However, I don't think anybody has really wide spread adoption yet and I think
it's because the tools aren't accessible to the majority of researchers
currently. Take, for example, mlflow. It's a great tool in many ways but
requires you to think fairly carefully about how to structure your application
around the framework. Additionally, to run experiments, you need to set up
your own infrastructure.

These requirements may be met in some settings (larger businesses with a
modern engineering culture) but I think are not met in the broader market
(university research departments, smaller businesses, businesses without the
modern engineering focus, etc).

For the ideas in the personal finance space, there are, as we all know, a
large number of fintech companies that are attempting to tackle many aspects
of this right now. It's a very tough space to get into due to regulation and
poor economics at small scales. It's a domain I'm familiar with though and
that means a lot to me. I think the financial industry has a long way to go
and will almost certainly look radically different in the future. As it
stands, I believe the industry is too fragmented from the customer
perspective, with different organisations offering parts of what to people are
really all the same thing.

To plan and save for my future I need a current account with a bank to manage
my day to day spending and as a 'hub', savings accounts (potentially with
other institutions) to save cash, I need a brokerage account to diversify my
savings, a company pension pot (with one or more providers depending on how
you've moved jobs) and possibly an IFA to tie it all together and cut through
the jargon and save you time. This should all be one thing - and it should be
easy, and cheap.

Re the contracts idea specifically - yes I am aware of a few
firms/organisations that independently manage contracts digitally.
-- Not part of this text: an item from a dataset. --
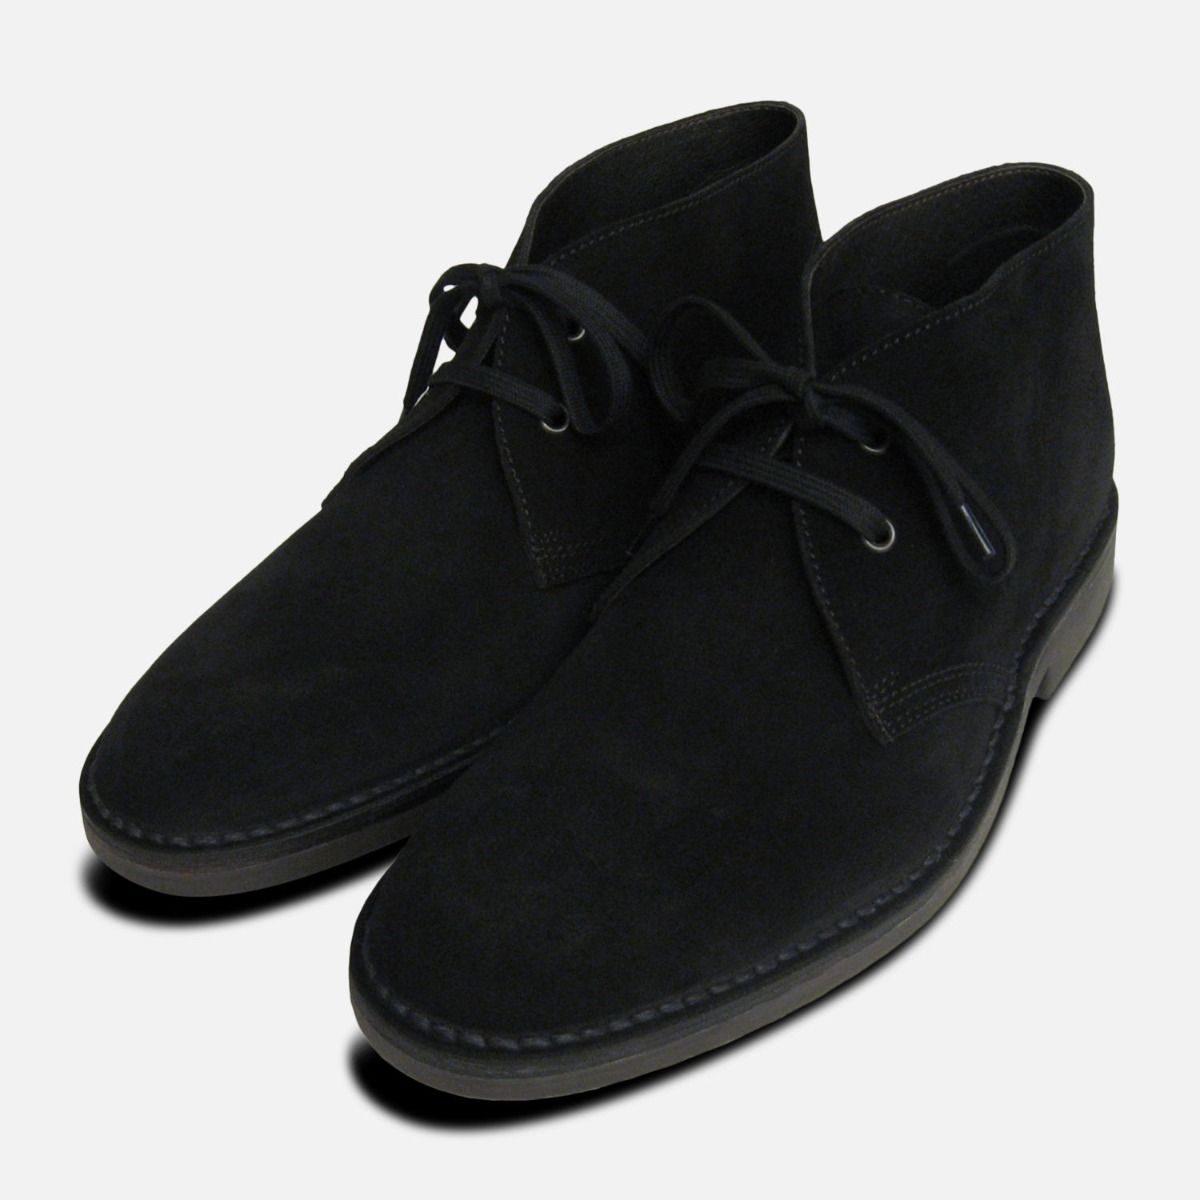 Black Suede Desert Boots for Men UK
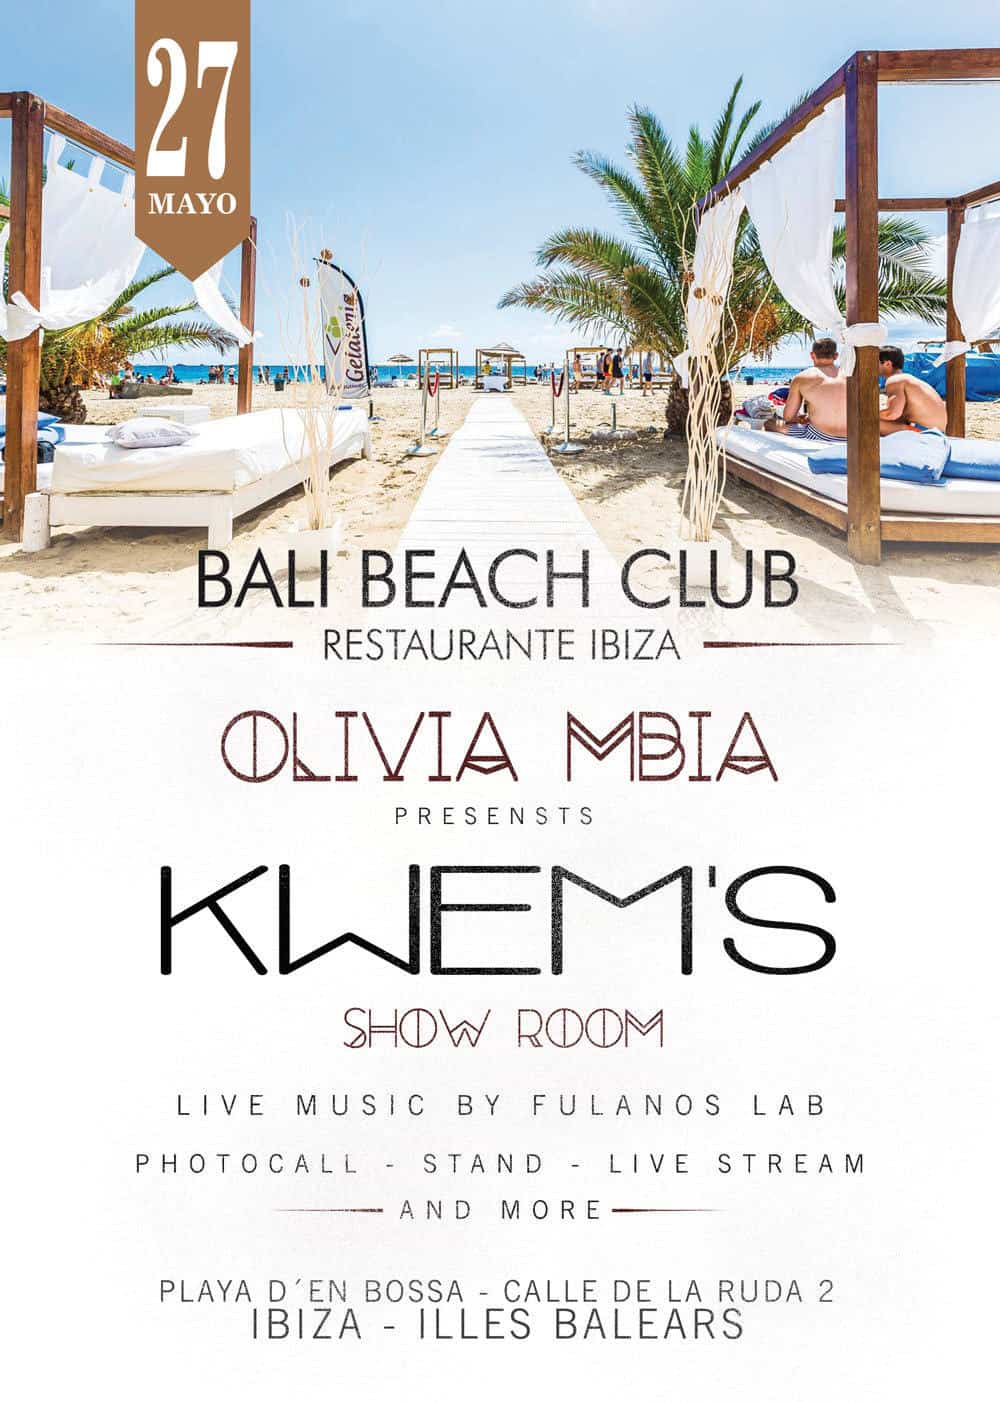 kwems-show-room-fashion-show-olivia-mbia-bali-beach-club-ibiza-welcometoibiza

The idea is
about trying to provide that functionality as a service with the intention
being to make consumers lives easier as much as businesses (e.g. I would like
one central place where I can manage all of my contracts, sign them, ask
questions, be reminded of upcoming obligations, etc). Right now, I think most
people have a drawer somewhere full of paper that could probably be organised
better.

I'll be honest, I don't have a specific niche yet. If I were to validate that
idea further, I would approach legal firms, landlords, and legal departments
as saas businesses first most likely. I'm sure there are other sectors worth
considering. It may also be that the business first way is the wrong way to
approach it? Perhaps You could build a tool for consumers first.